J Cancer 2019; 10(27):6925-6932. doi:10.7150/jca.33698
PNCK depletion inhibits proliferation and induces apoptosis of human nasopharyngeal carcinoma cells in vitro and in vivo
1. Department of Radiation Oncology, Fujian Medical University Cancer Hospital & Fujian Cancer Hospital, Fuzhou, China.
2. Department of Medical Oncology, The First Hospital of Putian City, Putian, China.
3. Biomedical Research Center of South China, Fujian Normal University, Fuzhou, China.
4. The Key Laboratories of Innate Immune Biology of Fujian Province, Fuzhou, China.
5. Longyan People Hospital, Longyan, China.
6. Fujian Provincial Key Laboratory of Translational Cancer Medicine, Fuzhou, China.
*These authors contributed equally to this paper.
Xu Y, Wang J, Cai S, Chen G, Xiao N, Fu Y, Chen Q, Qiu S. PNCK depletion inhibits proliferation and induces apoptosis of human nasopharyngeal carcinoma cells in vitro and in vivo. J Cancer 2019; 10(27):6925-6932. doi:10.7150/jca.33698. Available from http://www.jcancer.org/v10p6925.htm
Purpose: Recent studies indicate that pregnancy upregulated non-ubiquitous calmodulin kinase (PNCK) is significantly up-regulated in breast and renal carcinomas. However, the expression profile and its biological relevance of PNCK in nasopharyngeal carcinoma (NPC) have not been elucidated.

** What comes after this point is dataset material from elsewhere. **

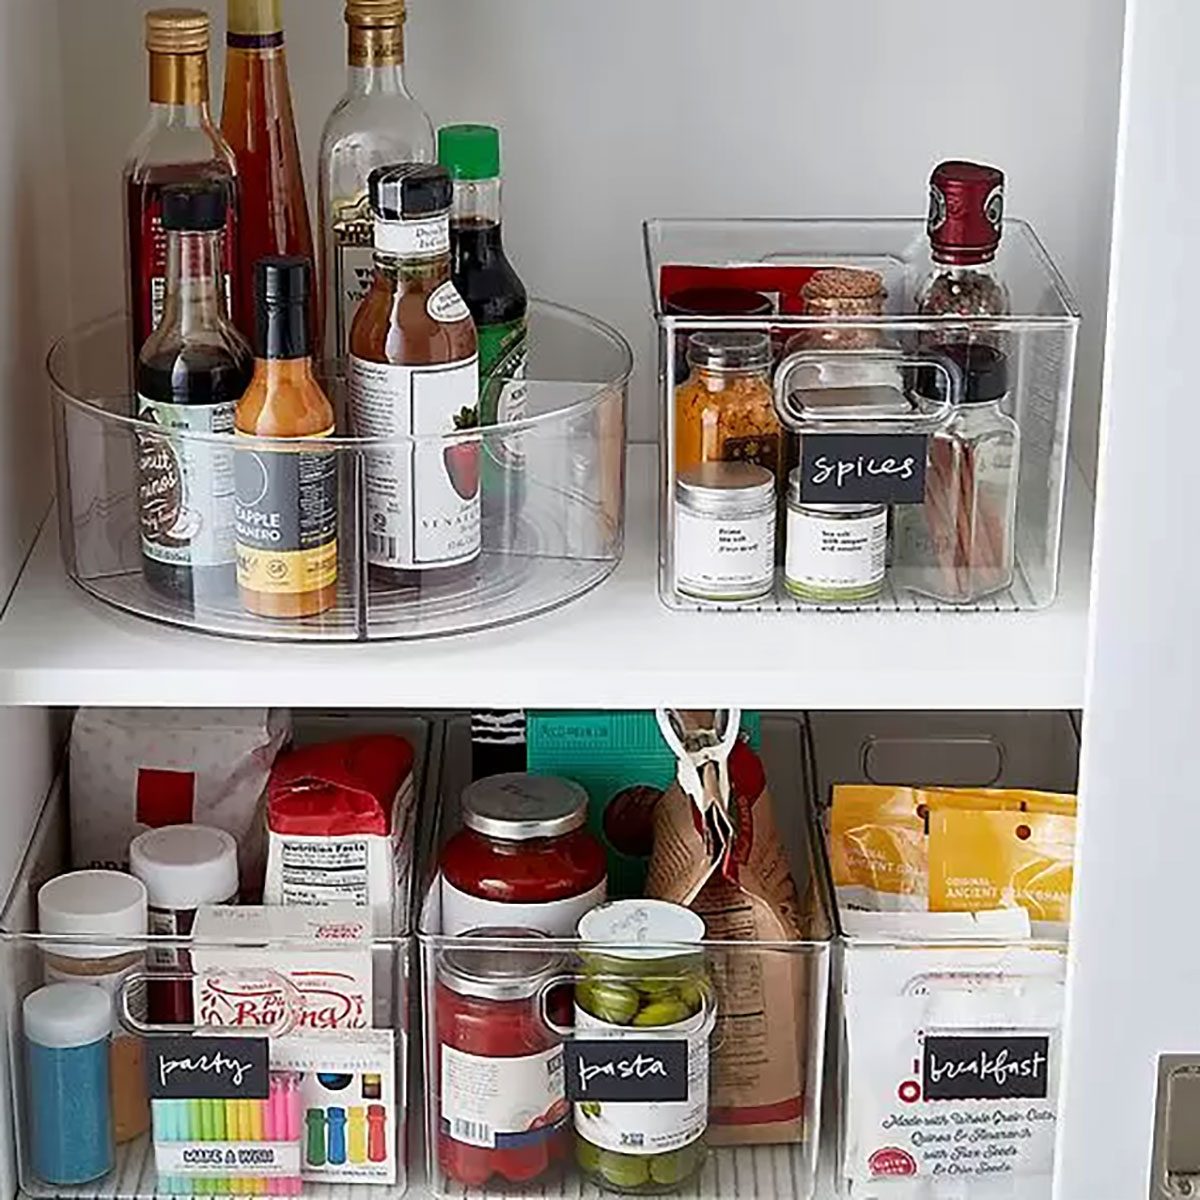 9 Spice Storage Ideas You'll Want To Try In Your Kitchen

Methods: The expression level of PNCK was detected in specimens of NPC (n=10) and normal tissues (n=10) by real-time PCR and immunohistochemistry. Celigo Cell Counting and MTT assay were used to measure cell viability. Apoptosis was detected by flow cytometric analysis and caspases 3/7 activity assay. Real-time PCR and Western blotting were performed to evaluate the expression of PNCK. The bioluminescence imaging was used to evaluate the effects of PNCK knockdown on tumor growth using a xenograft animal model. The global gene expression profile was determined in wild type and PNCK-depleted CNE-2 cells via transcriptomics analysis. For mechanical investigation, the changes of PI3K/AKT/mTOR signaling pathway were detected by Western blotting.
Results: The mRNA and protein levels of PNCK were increased in human NPC samples. In vitro experiments showed that shRNA or CRISPR-Cas9 mediated silencing of PNCK inhibited proliferation and induced apoptosis in NPC cells. In addition, in vivo assay revealed that knockdown of PNCK suppressed tumor growth. Consistently, a significant reduction of tumor bioluminescence in mice inoculated with PNCK-knockdown cells compared to that of control cells. In gene expression, the transcriptomics analysis revealed that there were 589 upregulated genes and 589 downregulated genes in PNCK-knockdown cells. Ingenuity Pathway Analysis (IPA) identified significant changes of PI3K/AKT/mTOR signaling pathway in PNCK-knockdown cells. Furthermore, western blot analysis revealed that interference with PNCK reduced the phosphorylation levels of PI3K, AKT and mTOR in CNE-2 cells.
Conclusion: This study for the first time demonstrates that knockdown of PNCK could suppress growth and induce apoptosis of NPC cells both in vitro and in vivo by regulating PI3K/AKT/mTOR signaling pathway. These findings suggest that PNCK might be a novel therapeutic target for NPC treatment.
Keywords: NPC, PNCK, gene expression profiling.